April 6, 2026

Twelve Years On: WordPress, Canary Wharf, and the Test of Time

Twelve Years On: WordPress, Canary Wharf, and the Test of Time

Twelve years is a long time in digital. When canarywharf.com launched on WordPress Multisite in 2014, Instagram was three years old and had only recently been acquired by Facebook. Responsive design had been standard practice for barely two years. The dominant professional consensus still held that WordPress was a platform for personal publishing and small business websites

Web Inclusion – Tim Brocklehurst – Solutions Architecture Review – 2026

In 2013, Web Inclusion – in partnership with designers Sutton Young – recommended migrating canarywharf.com to WordPress, proposing a Multisite architecture that would deliver two distinct digital properties from a single platform. The sites launched in 2014: One presenting Canary Wharf Group to the corporate world; the other presenting the estate as a living destination for the tens of thousands of people who work, eat, and spend their days there. In 2026, both sites are still on WordPress. This article examines what that means, what WordPress has been through in the intervening years, and why – surveying the full landscape of what has emerged to challenge it – the original recommendation was correct.
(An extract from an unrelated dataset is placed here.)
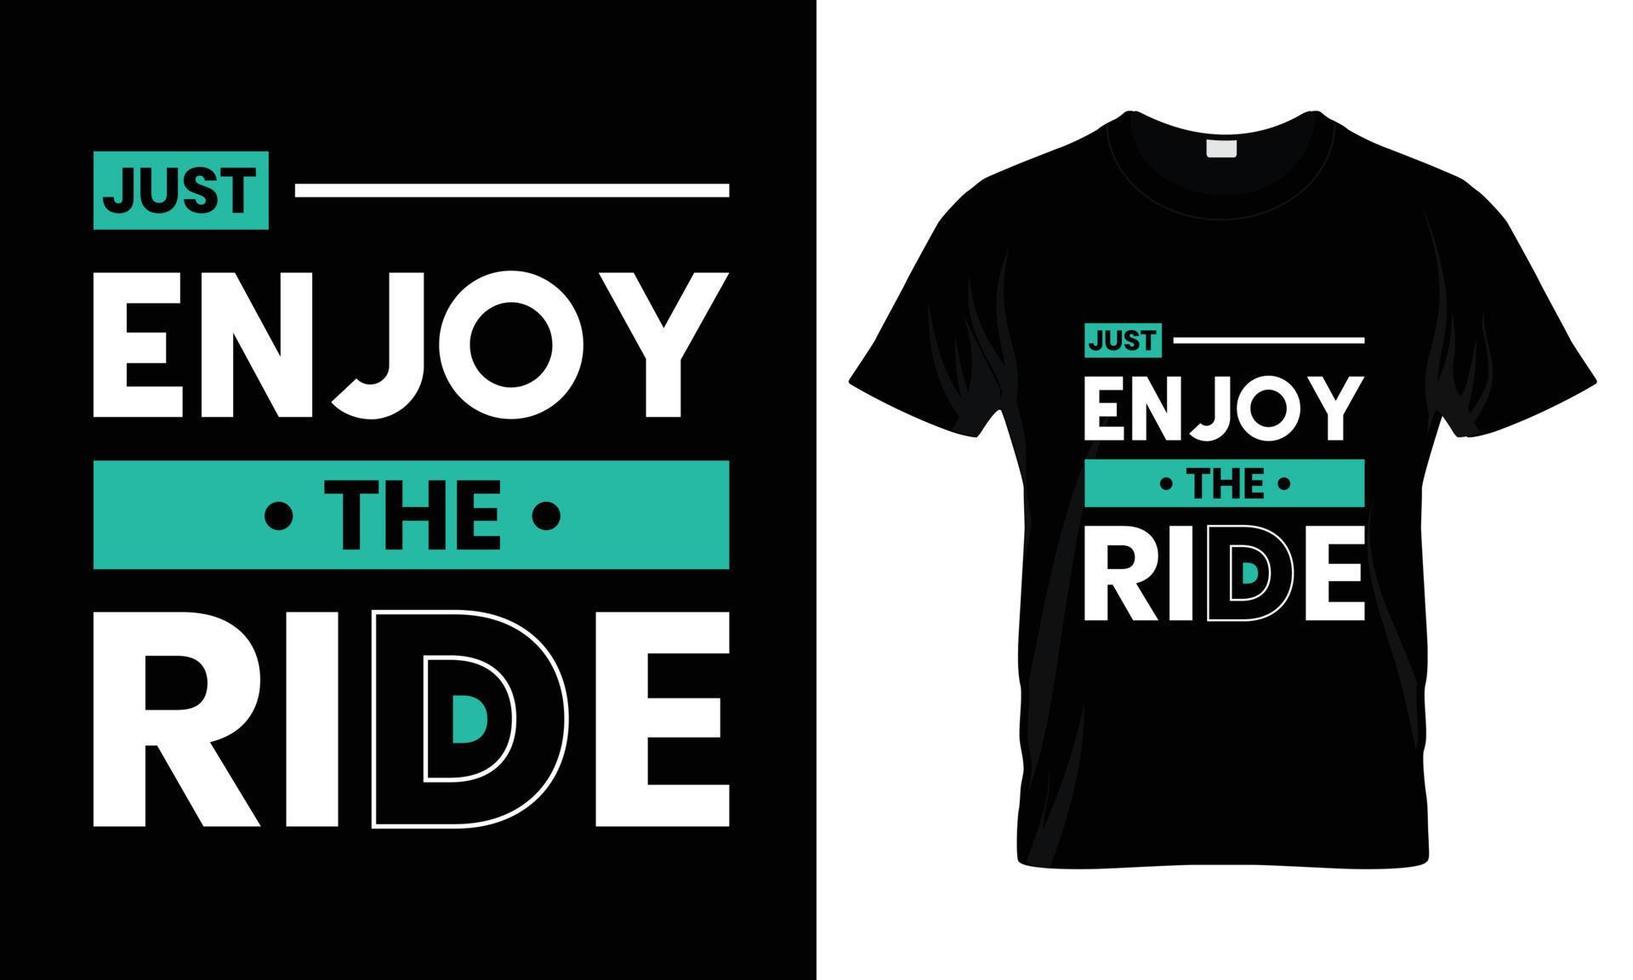 Just Enjoy the ride Modern Quotes T Shirt Design vector
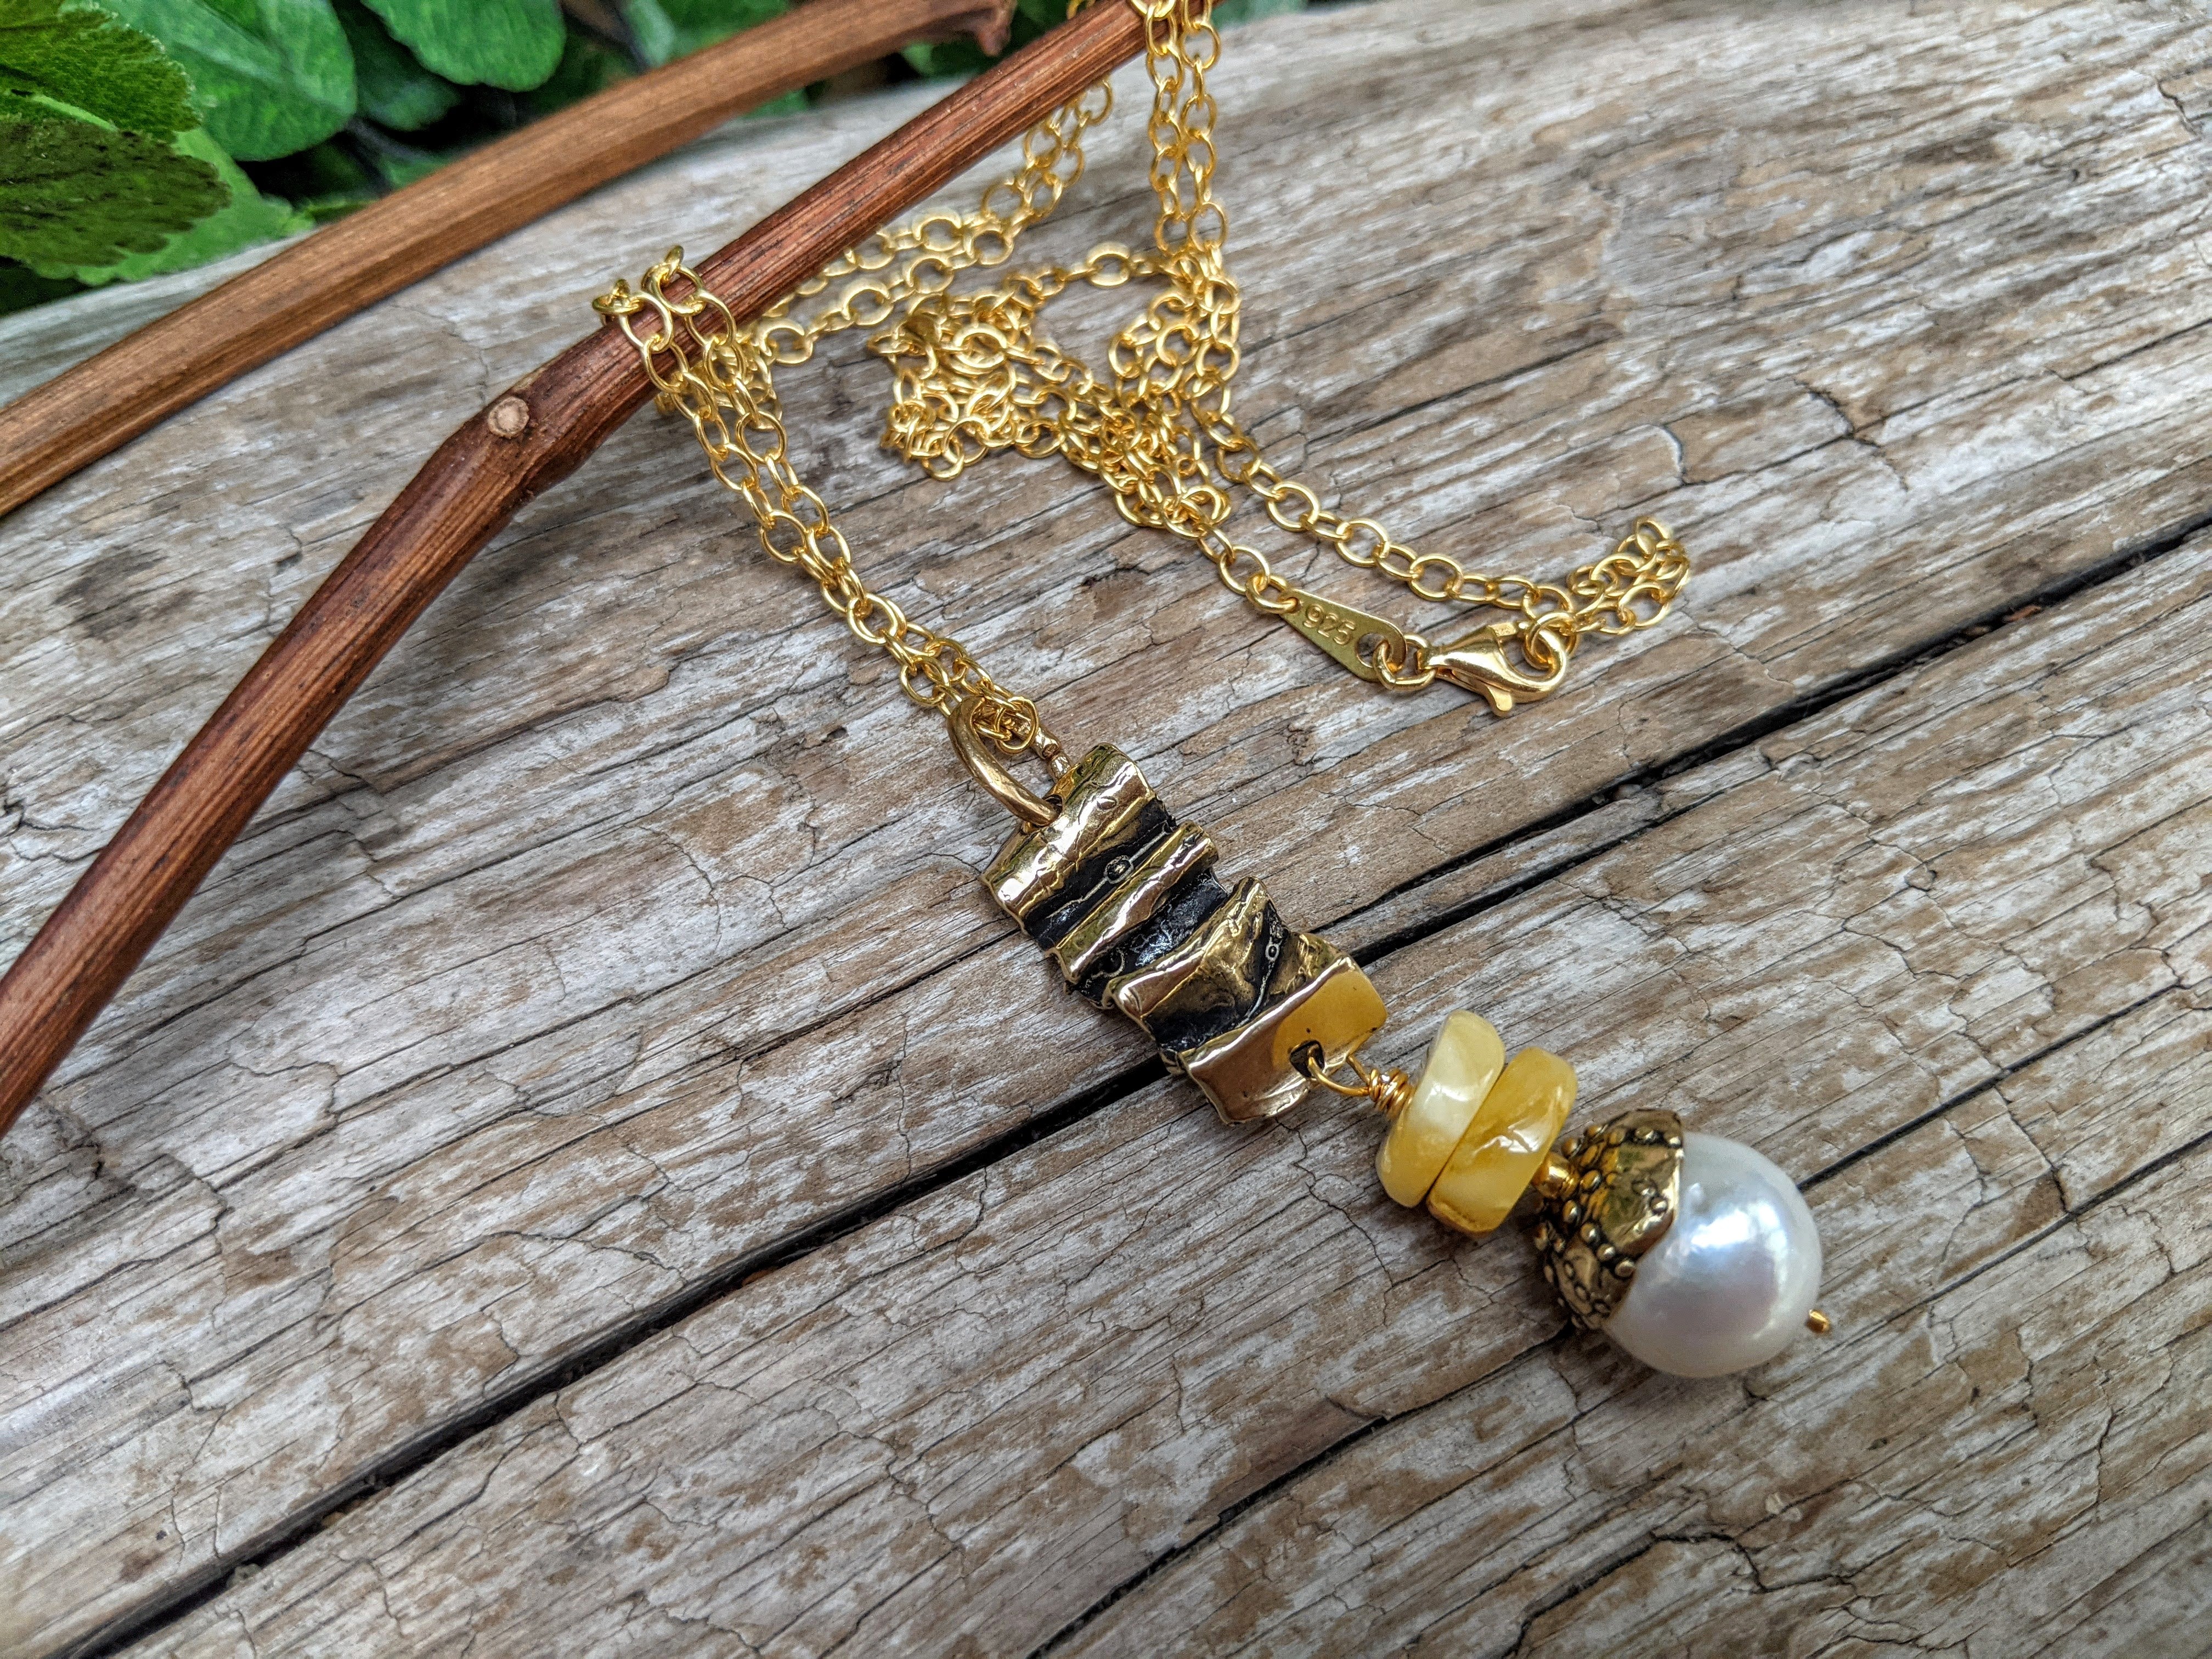 Amber pendant gold filled silver chain necklace. Big Edison pearl pendant. Handcrafted by Aurora Creative Jewellery.

A Decision That Has Outlasted Its Sceptics

Twelve years is a long time in digital. When canarywharf.com launched on WordPress Multisite in 2014, Instagram was three years old and had only recently been acquired by Facebook. Responsive design had been standard practice for barely two years. The dominant professional consensus still held that WordPress was a platform for personal publishing and small business websites – an opinion that serious enterprise web practitioners held with some confidence, and were not shy about expressing. The suggestion that a platform with those associations would be running a major corporate estate’s digital infrastructure in 2026 – through multiple redesigns, through the full maturation of mobile, through the upheavals of social media, through a global pandemic that forced every organisation to rely on its digital presence as never before – would have struck most of those practitioners as naively optimistic.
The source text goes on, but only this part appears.